[Opening Stored data section]

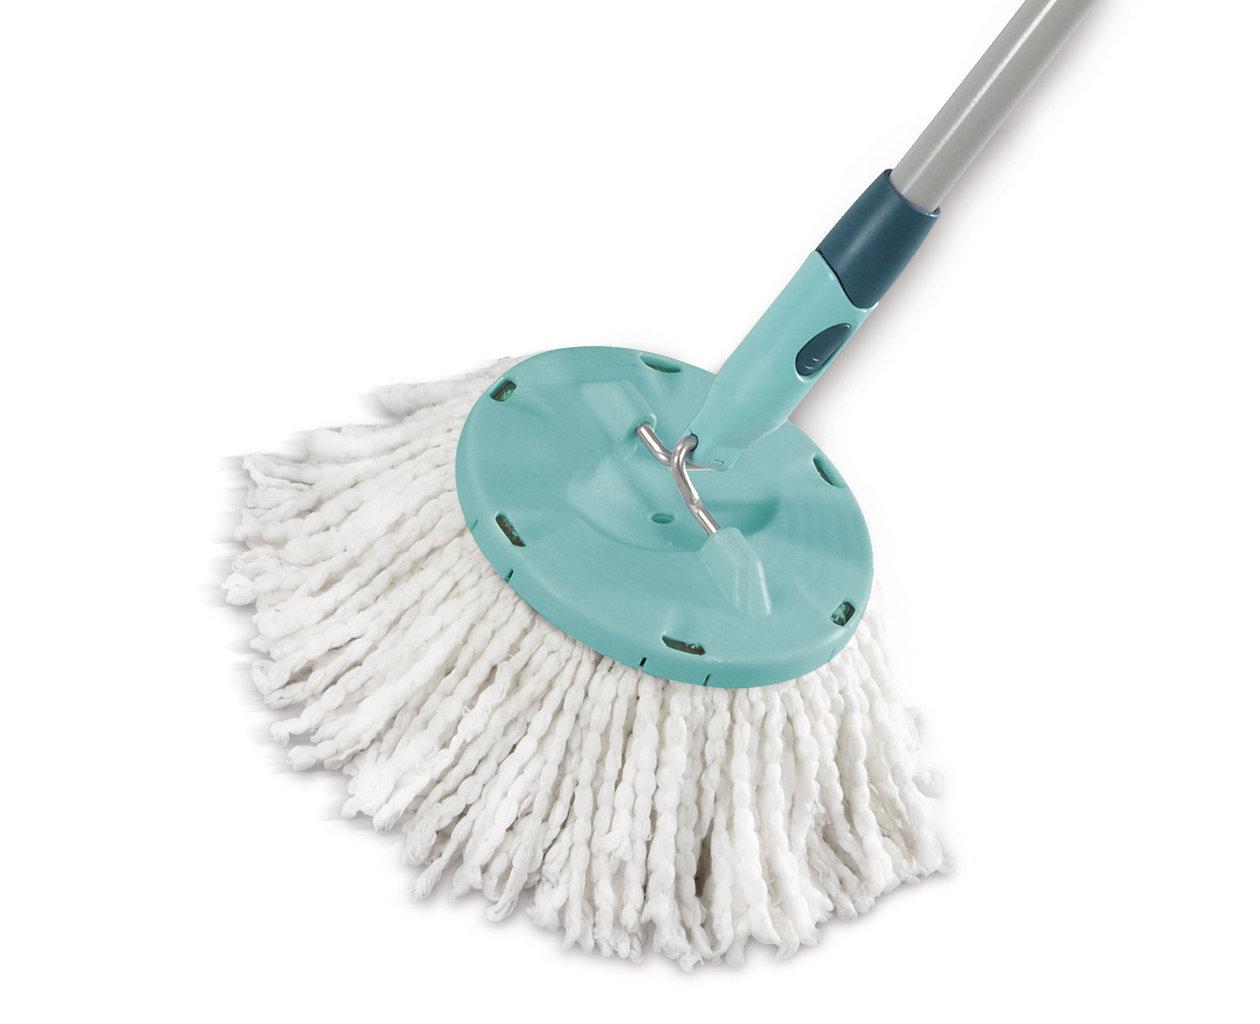 ricambio mocio clean twist mop leifheit compra online rosi store. Black Bedroom Furniture Sets. Home Design Ideas
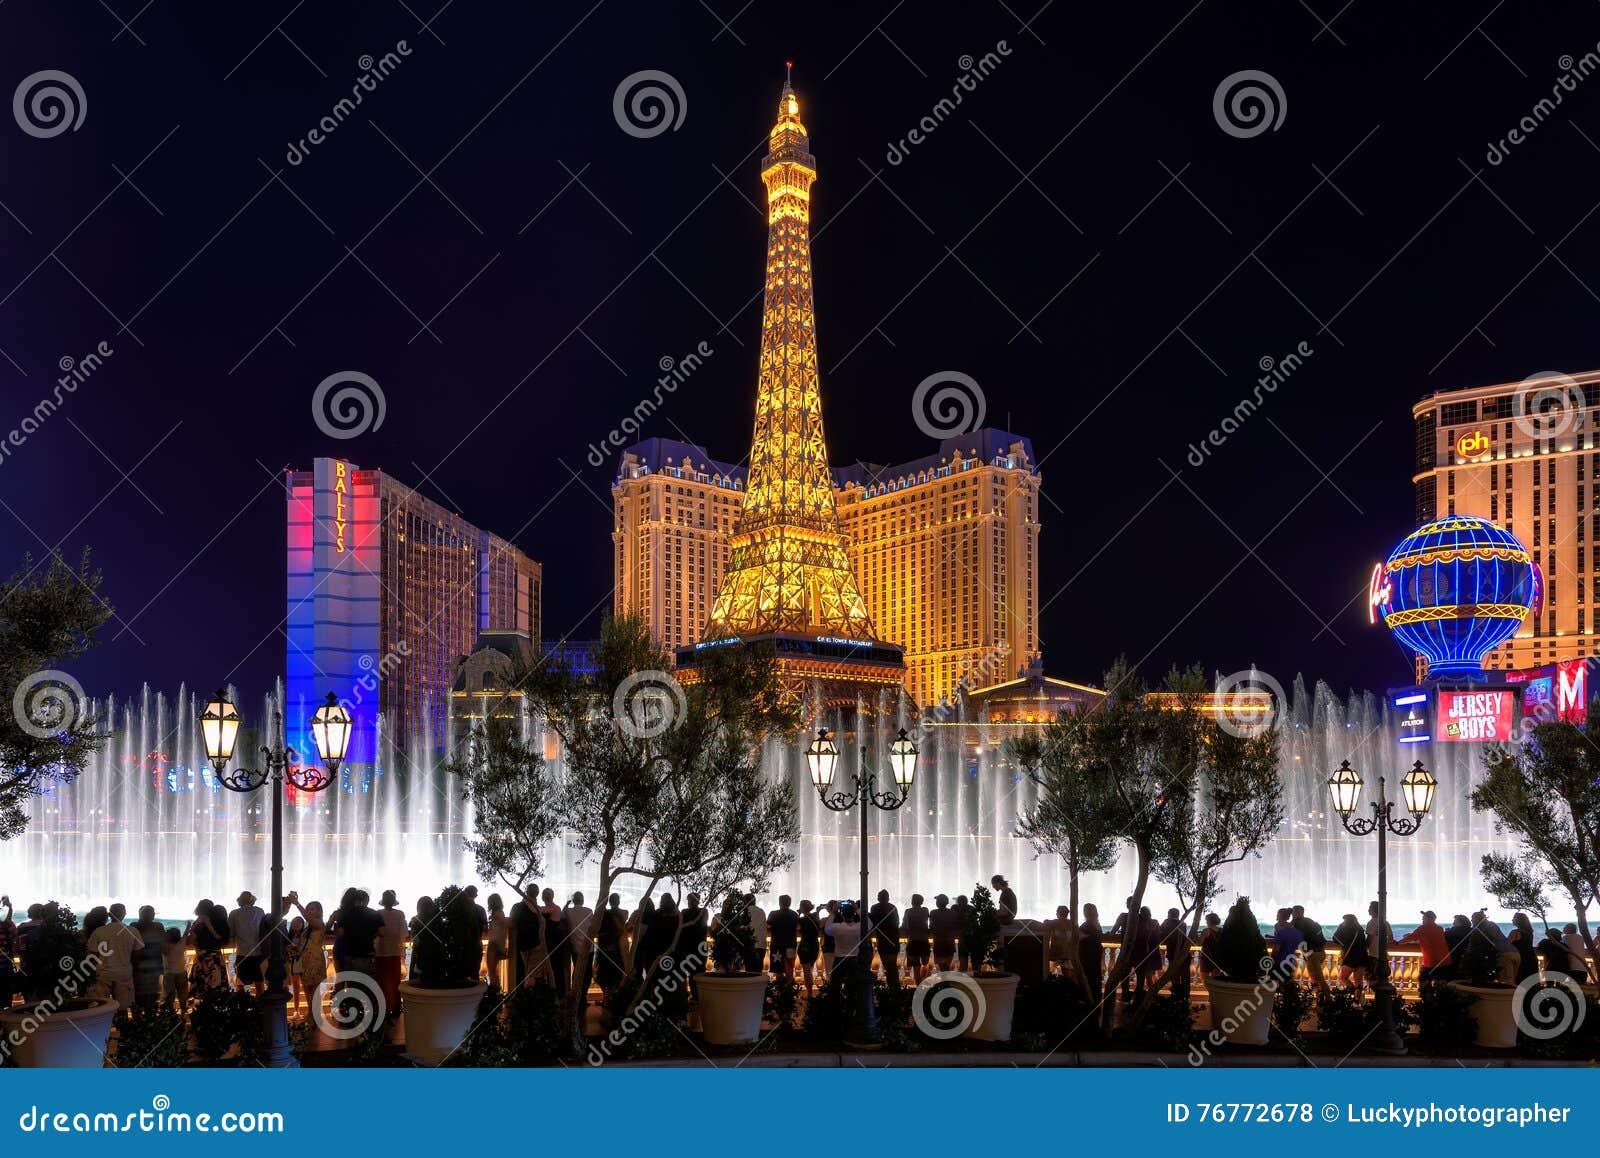 People enjoy Bellagio fountain show at Paris hotel
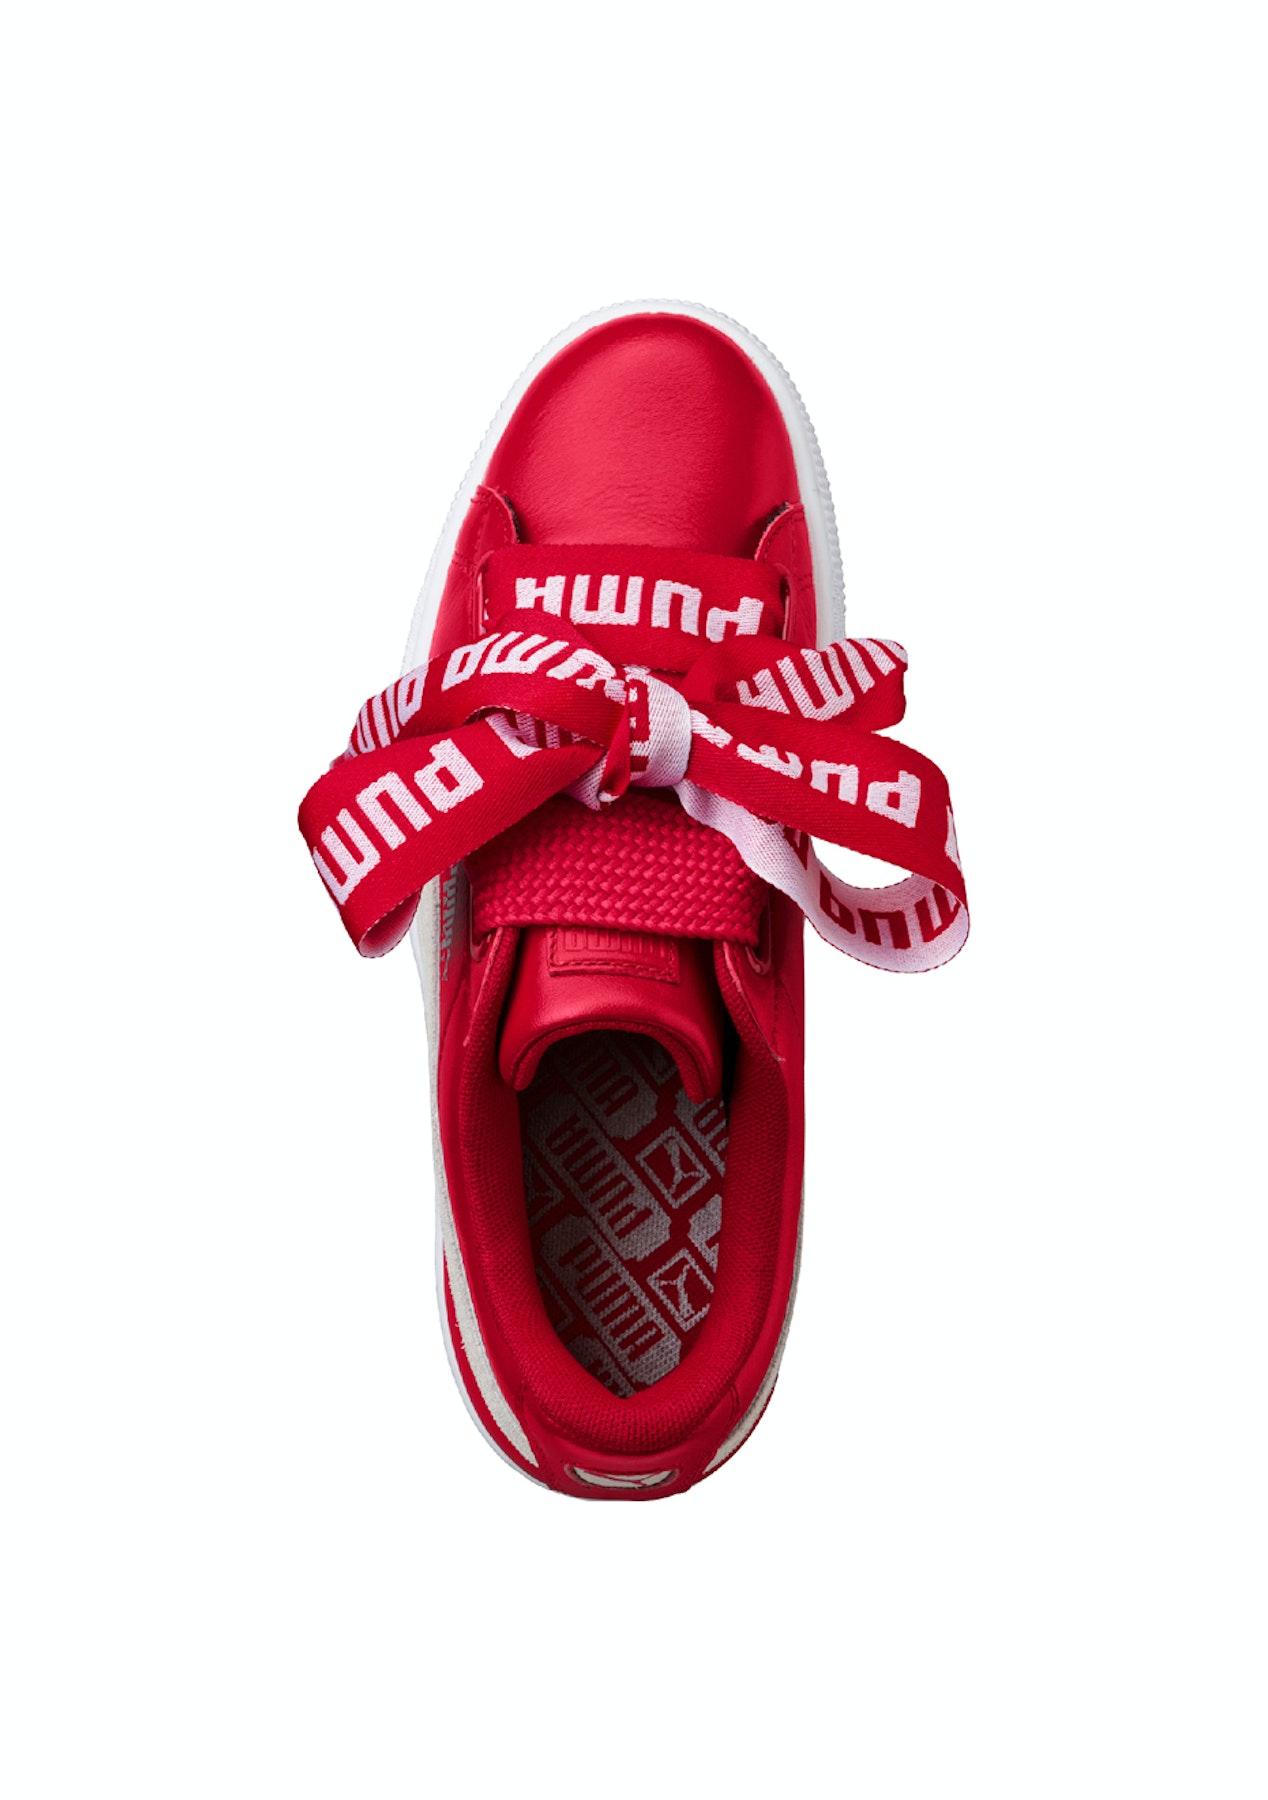 classic fit 0fcd8 dd34a Puma Womens - Basket Heart De Toreador Red

[Closing Stored data section]

**Work required:**
The expected output is the complete listing, word for word, without any picture.

**Result of the exercise:**
 ricambio mocio clean twist mop leifheit compra online rosi store. Black Bedroom Furniture Sets. Home Design Ideas
 People enjoy Bellagio fountain show at Paris hotel
 classic fit 0fcd8 dd34a Puma Womens - Basket Heart De Toreador Red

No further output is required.